Task instructions
Pictures aside, print all of the data below exactly as written.

-------- Data excerpt

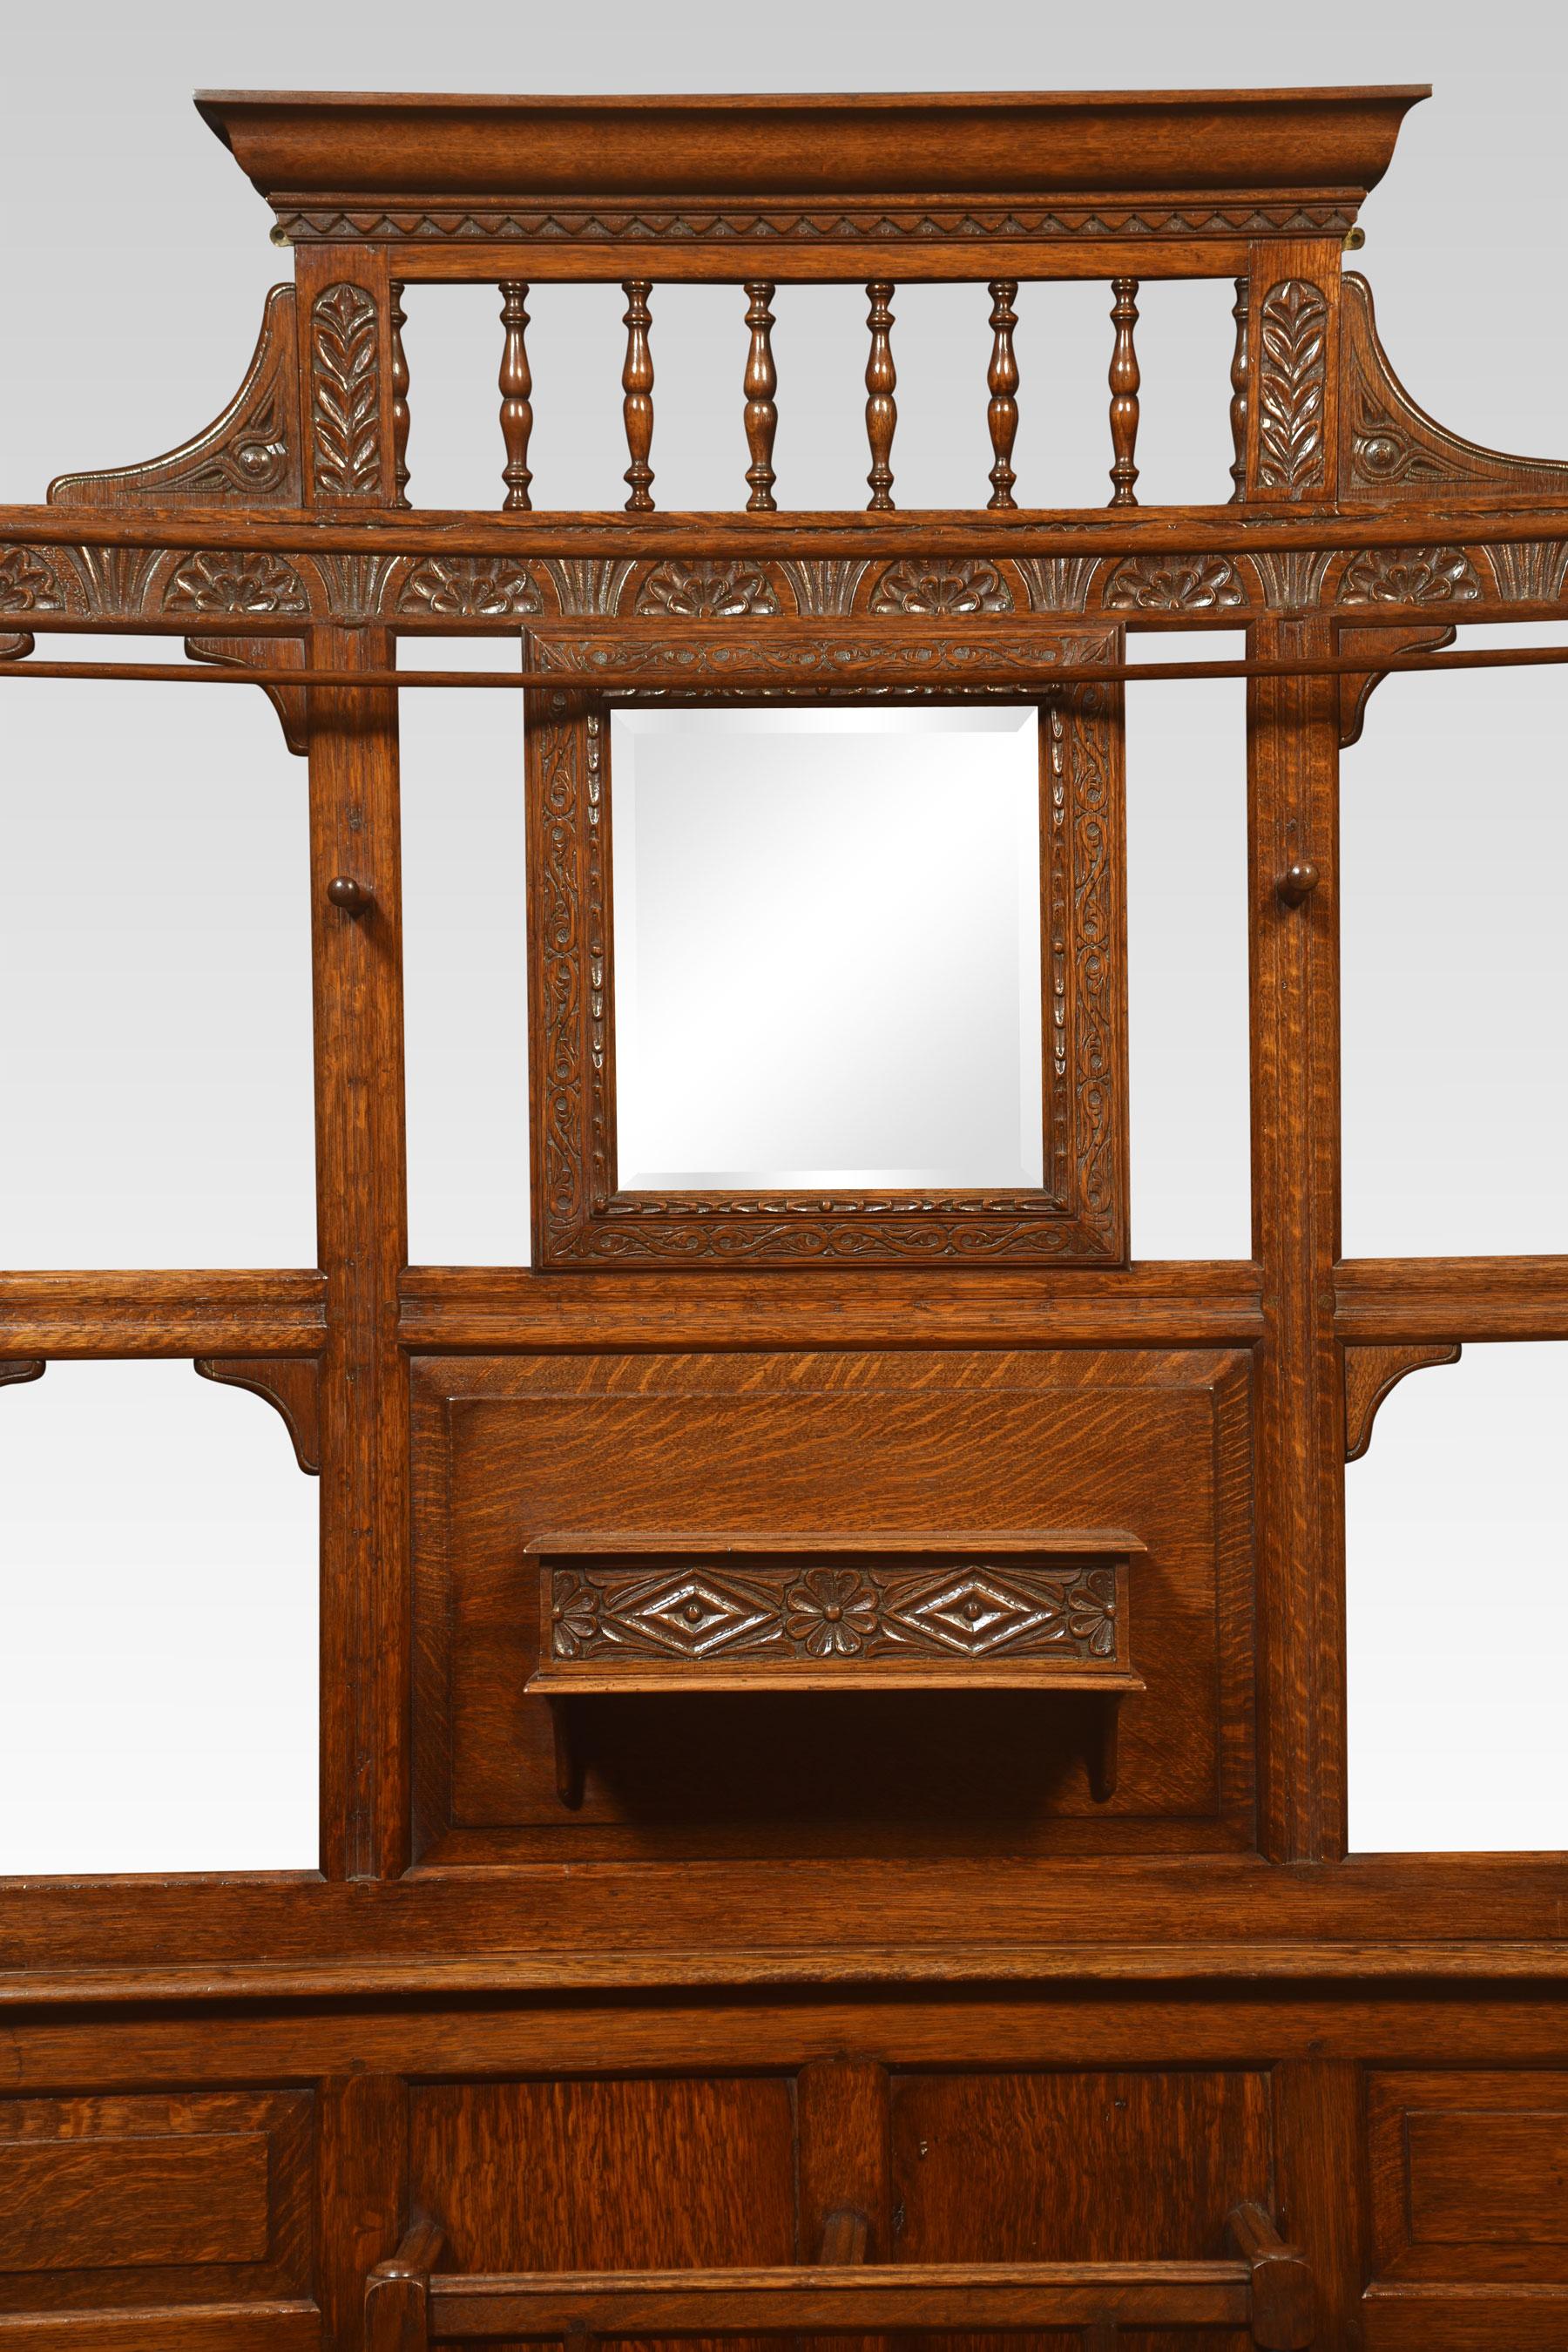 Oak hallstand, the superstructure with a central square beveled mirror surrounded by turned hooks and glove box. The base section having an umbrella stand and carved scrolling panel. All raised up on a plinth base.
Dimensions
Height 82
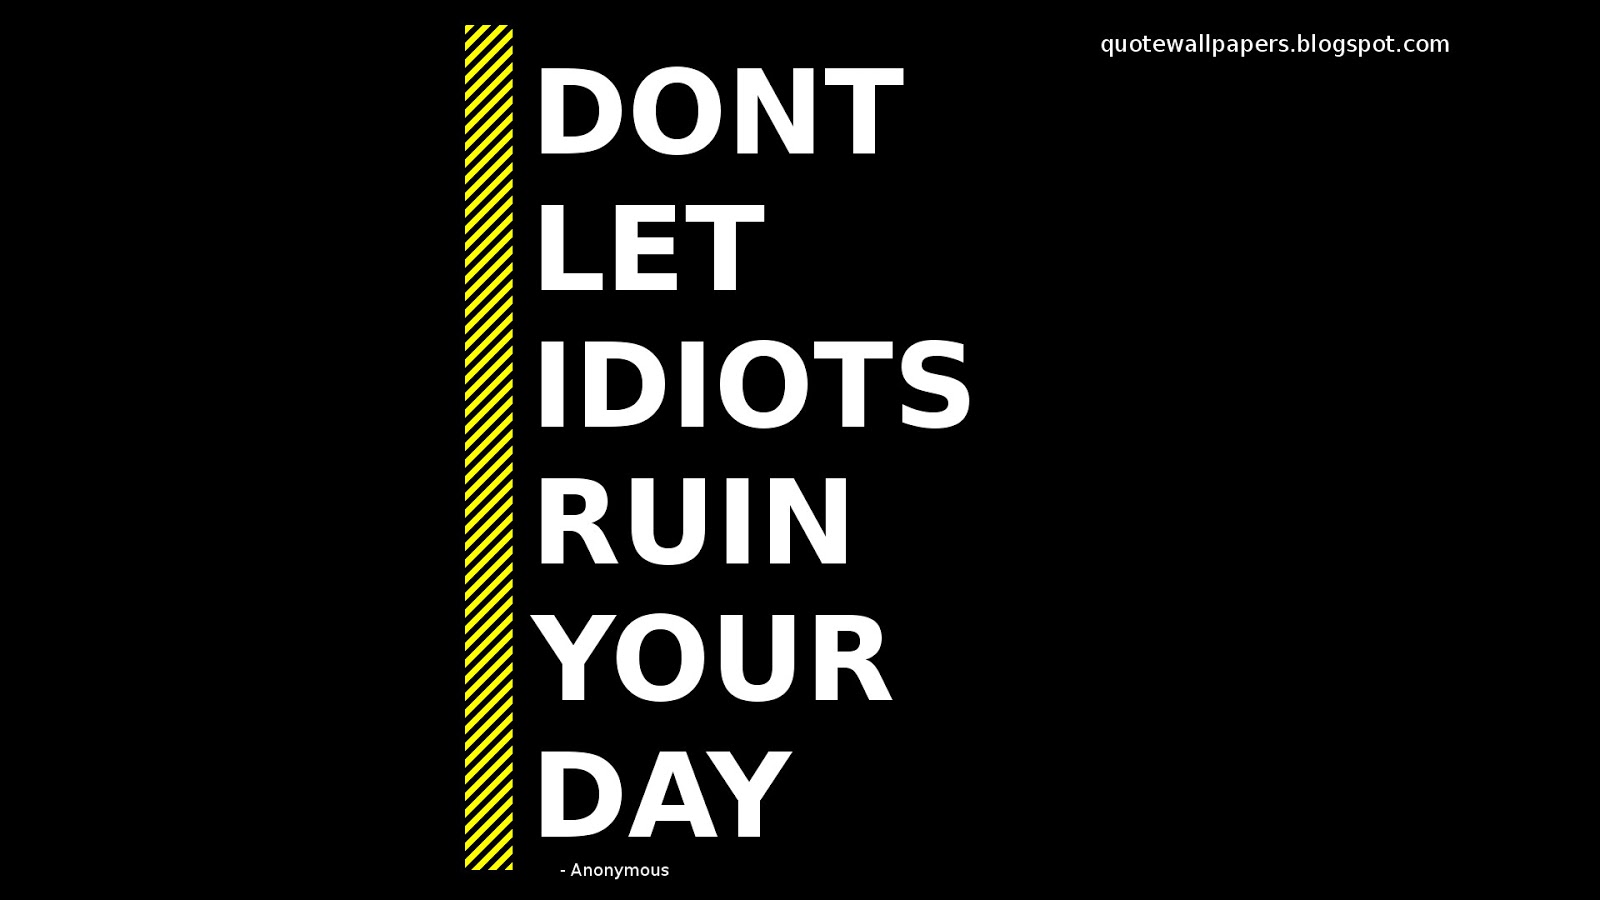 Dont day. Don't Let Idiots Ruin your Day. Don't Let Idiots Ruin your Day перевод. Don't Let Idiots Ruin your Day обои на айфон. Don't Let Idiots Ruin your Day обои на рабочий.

----------------

Task response
 Oak hallstand, the superstructure with a central square beveled mirror surrounded by turned hooks and glove box. The base section having an umbrella stand and carved scrolling panel. All raised up on a plinth base.
Dimensions
Height 82
 Dont day. Don't Let Idiots Ruin your Day. Don't Let Idiots Ruin your Day перевод. Don't Let Idiots Ruin your Day обои на айфон. Don't Let Idiots Ruin your Day обои на рабочий.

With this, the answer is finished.